> _Information provided_
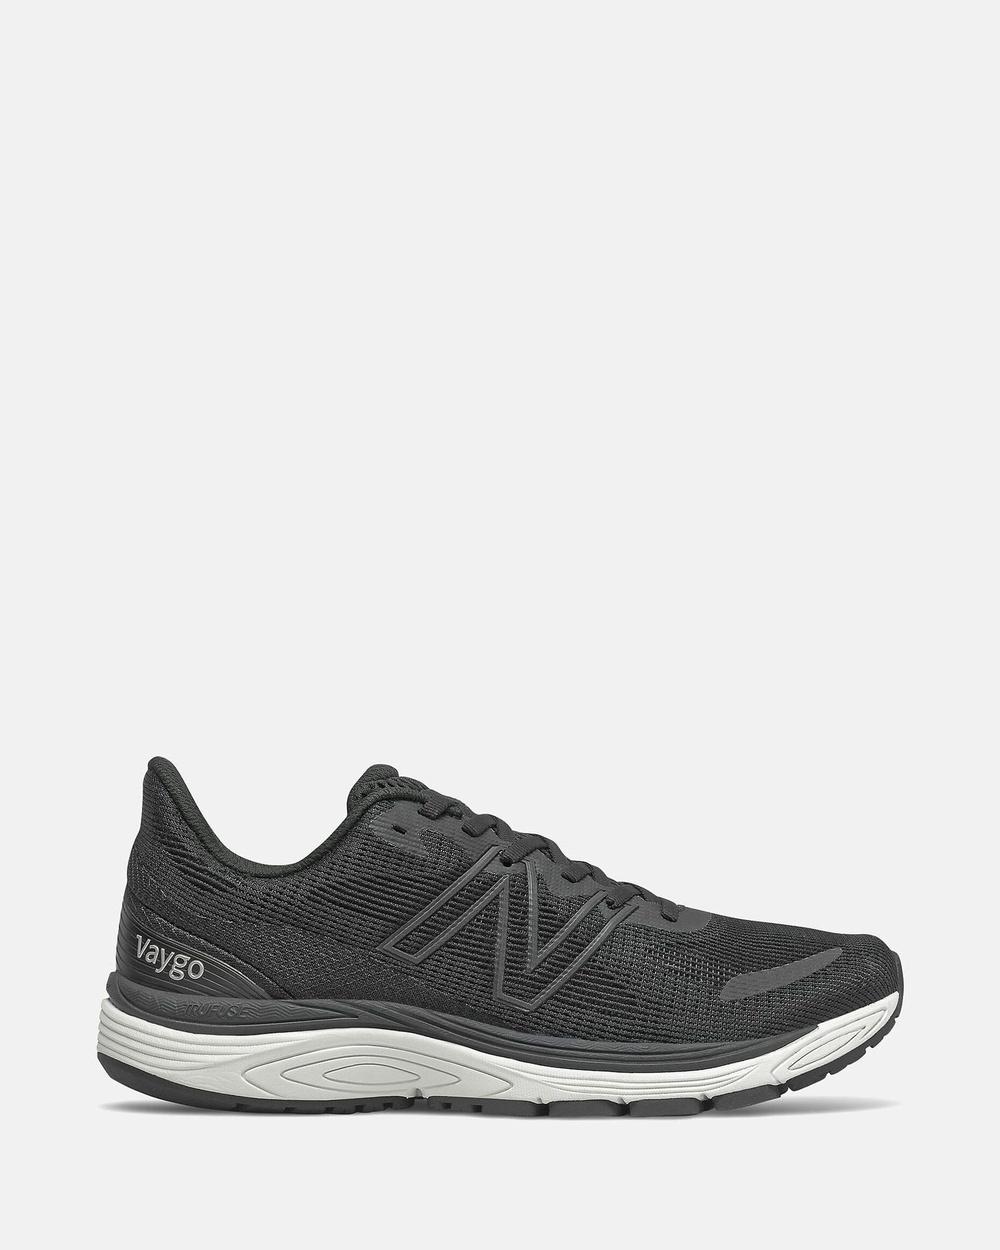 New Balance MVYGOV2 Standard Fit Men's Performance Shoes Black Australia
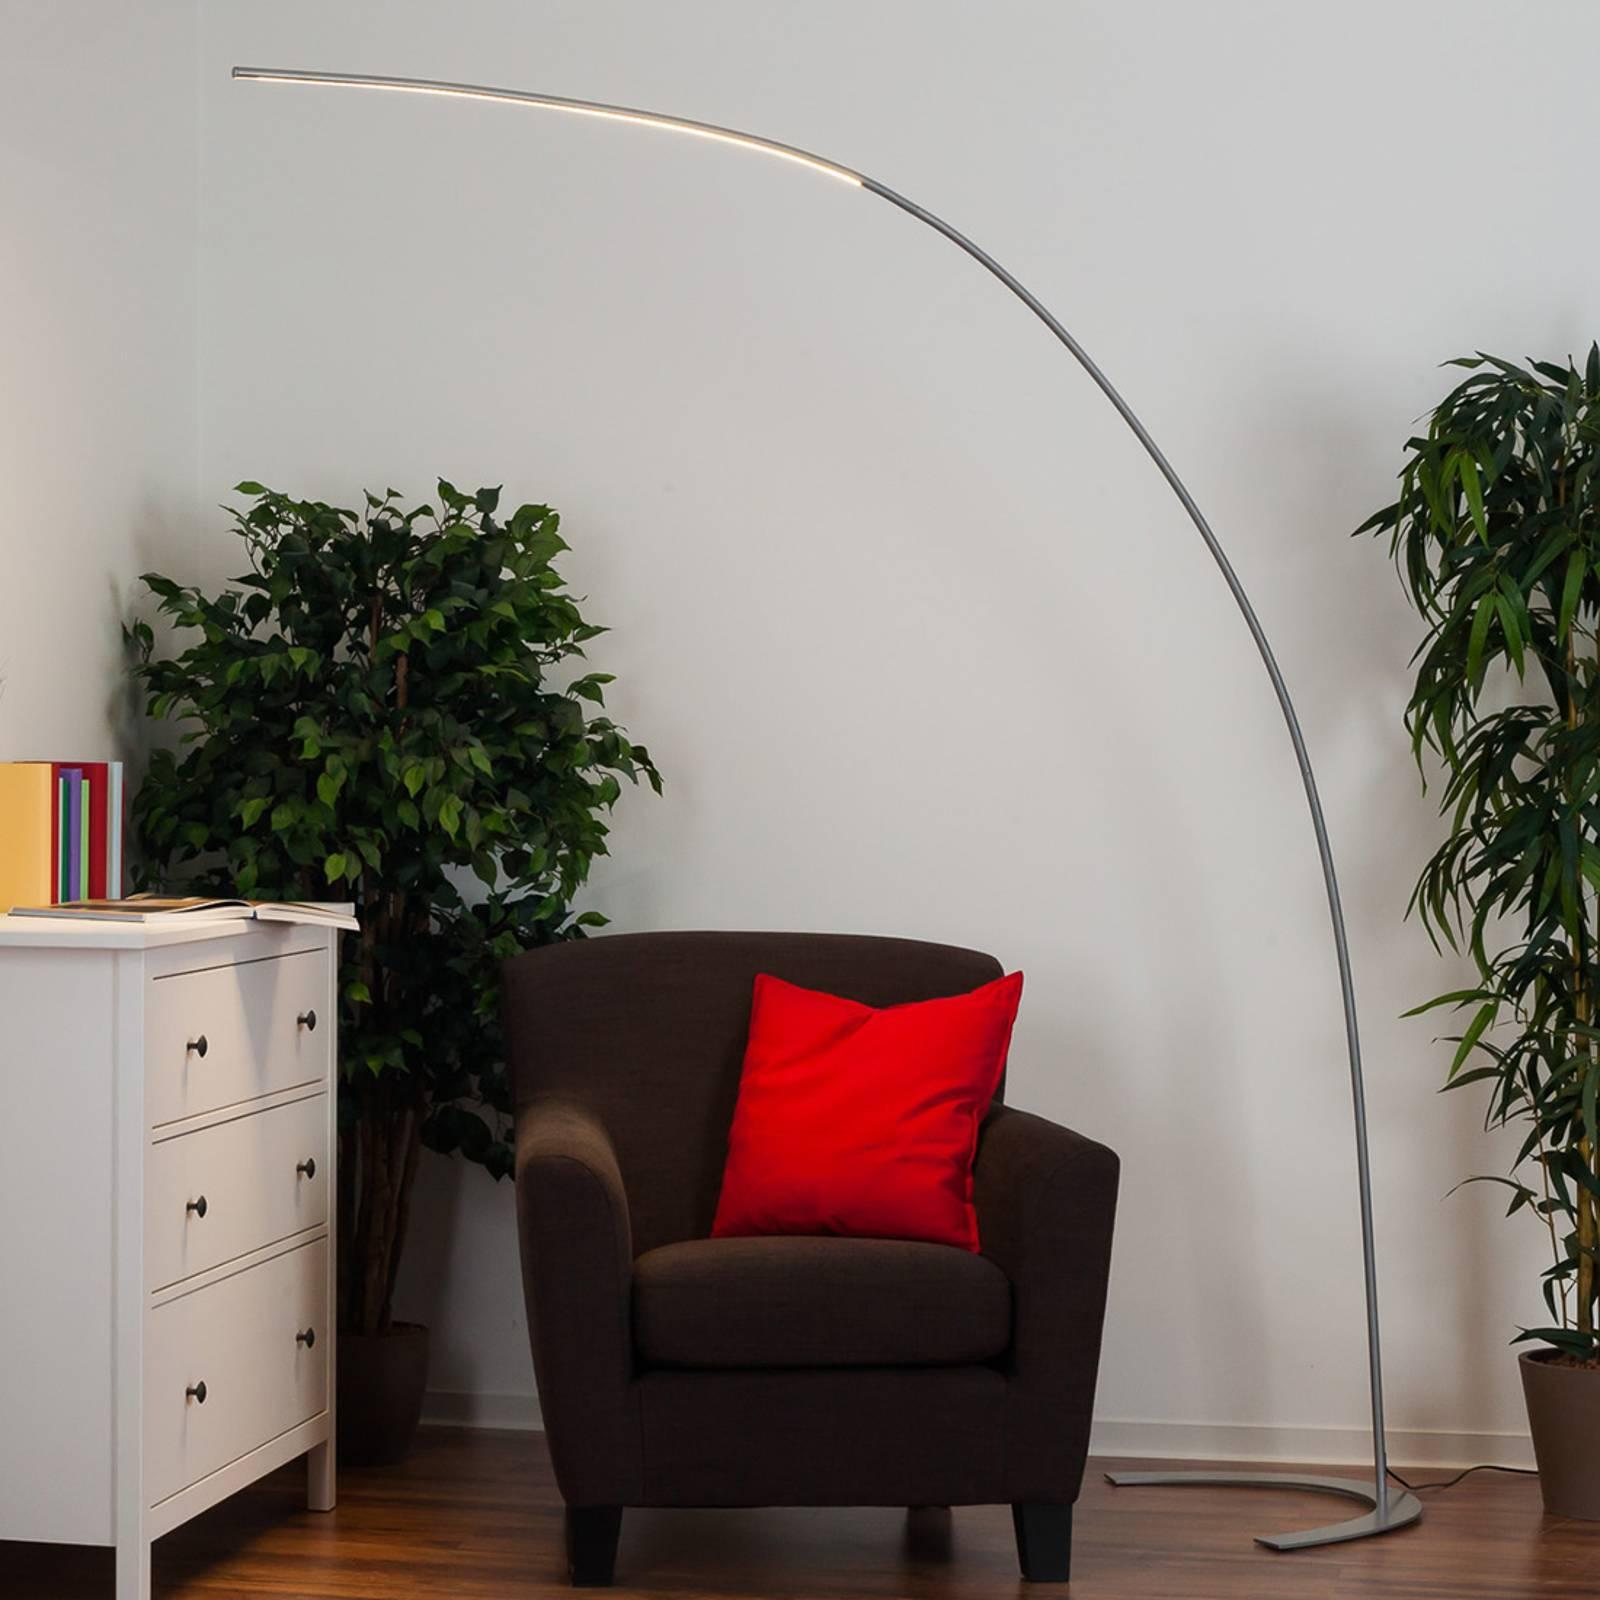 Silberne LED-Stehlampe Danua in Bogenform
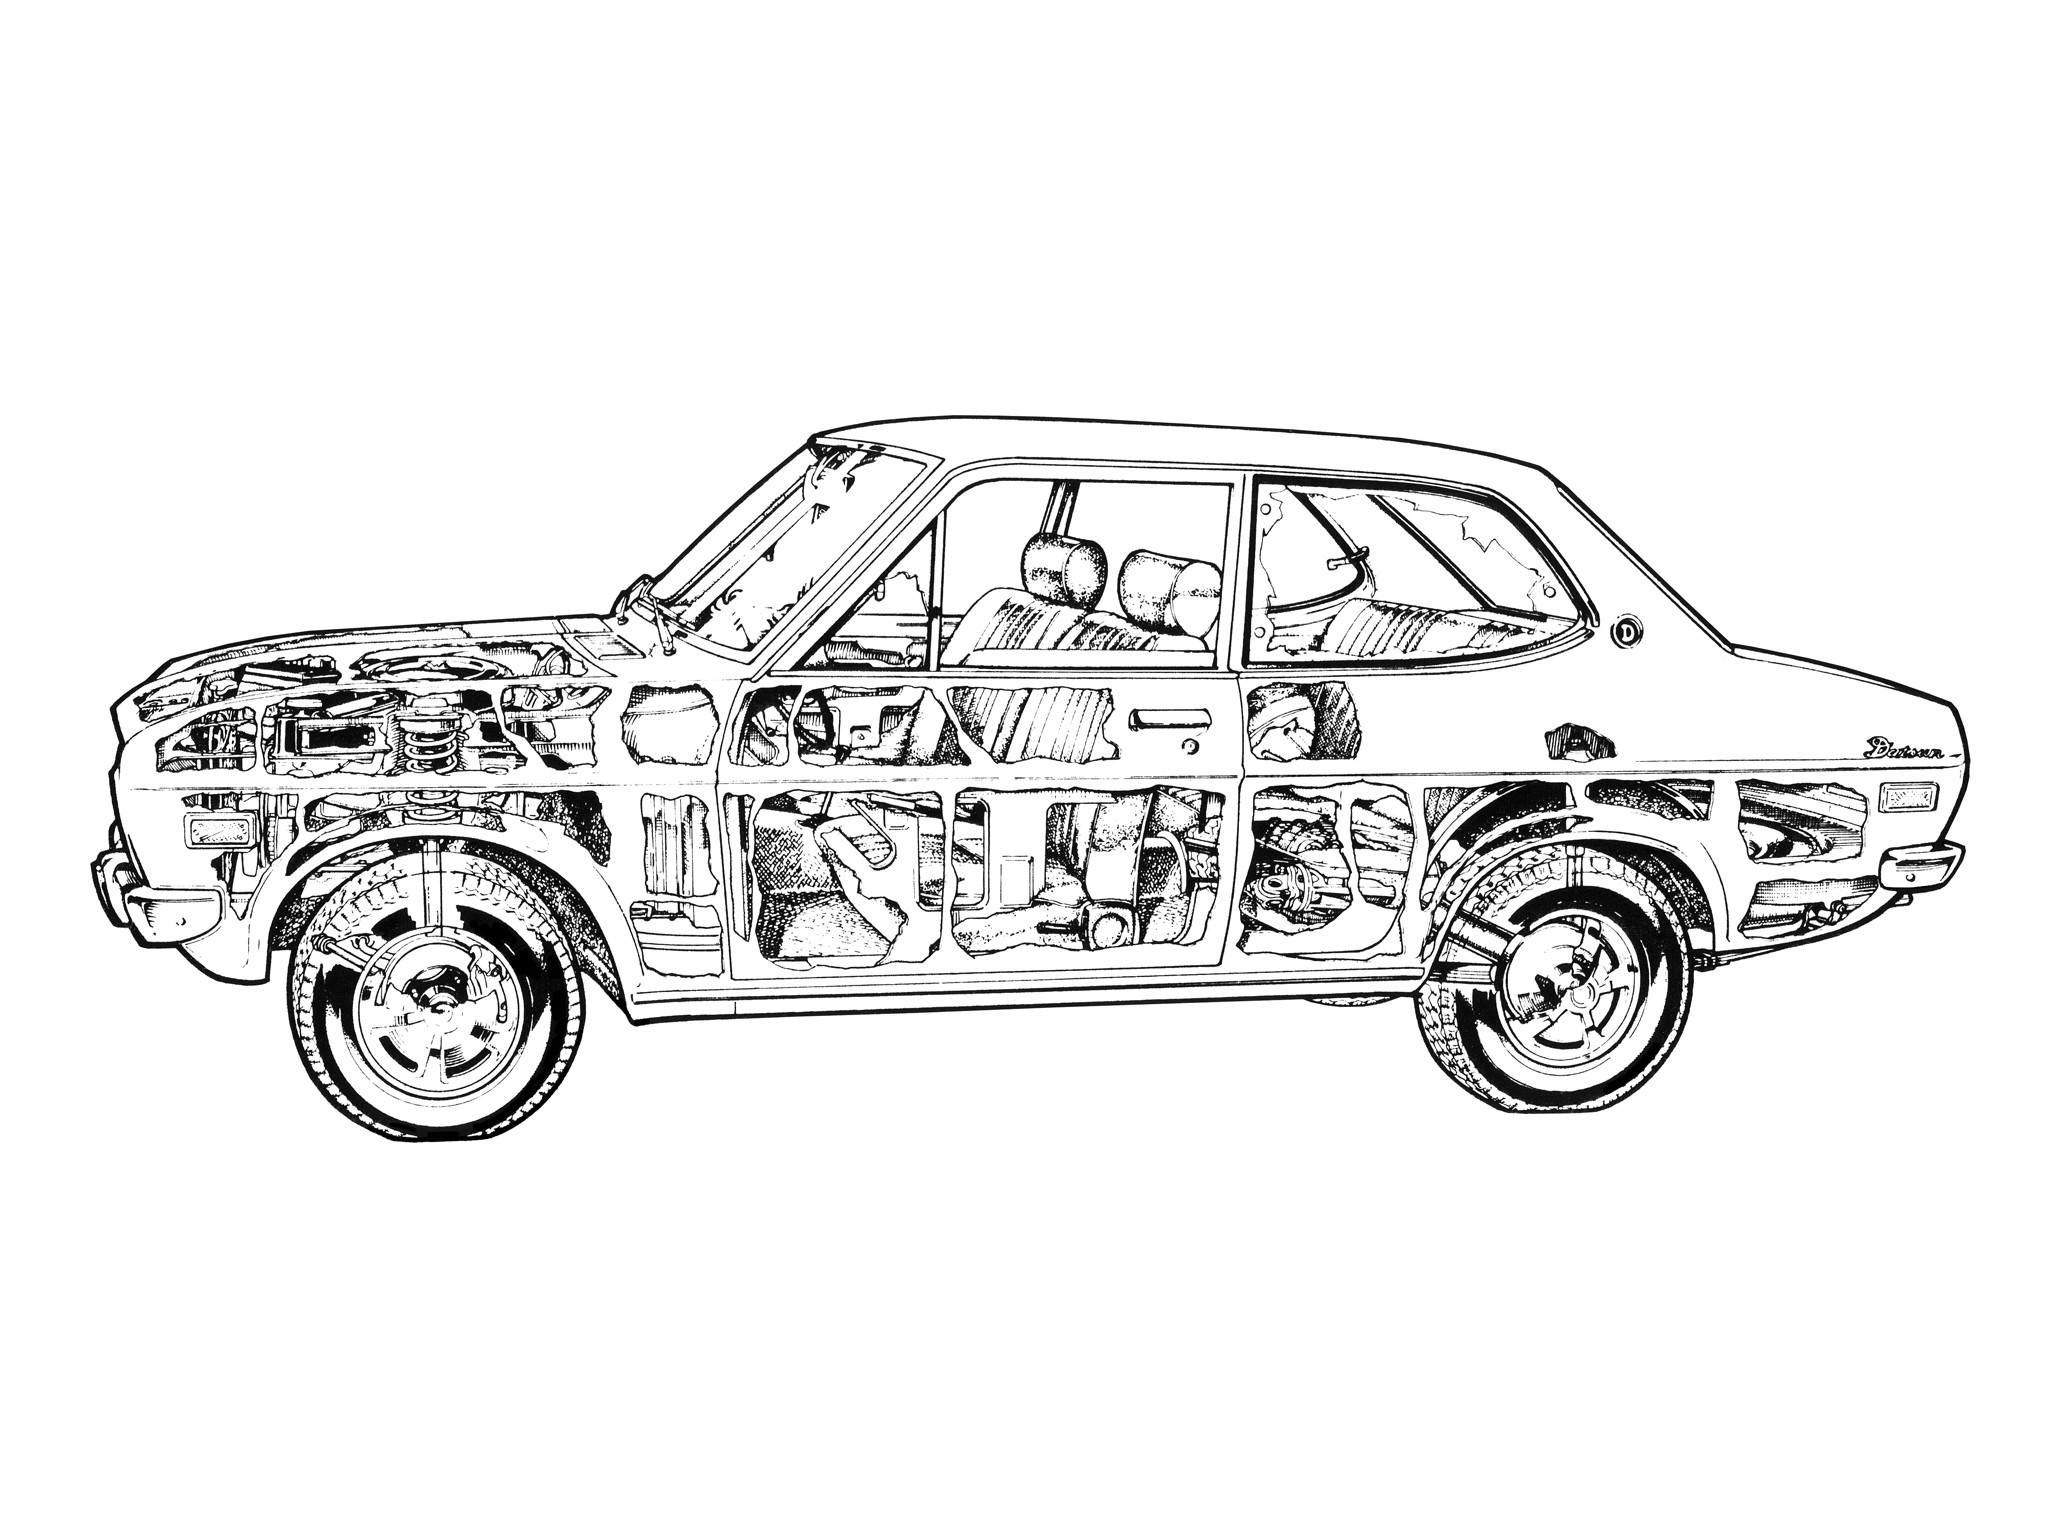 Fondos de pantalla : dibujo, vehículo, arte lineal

> _Work item_
The lines from the one containing "Silberne LED-Stehlampe Danua in Bogenform" to the end of the material must be output exactly, both ends included; no picture may appear.

> _Output for this exercise_
 Silberne LED-Stehlampe Danua in Bogenform
 Fondos de pantalla : dibujo, vehículo, arte lineal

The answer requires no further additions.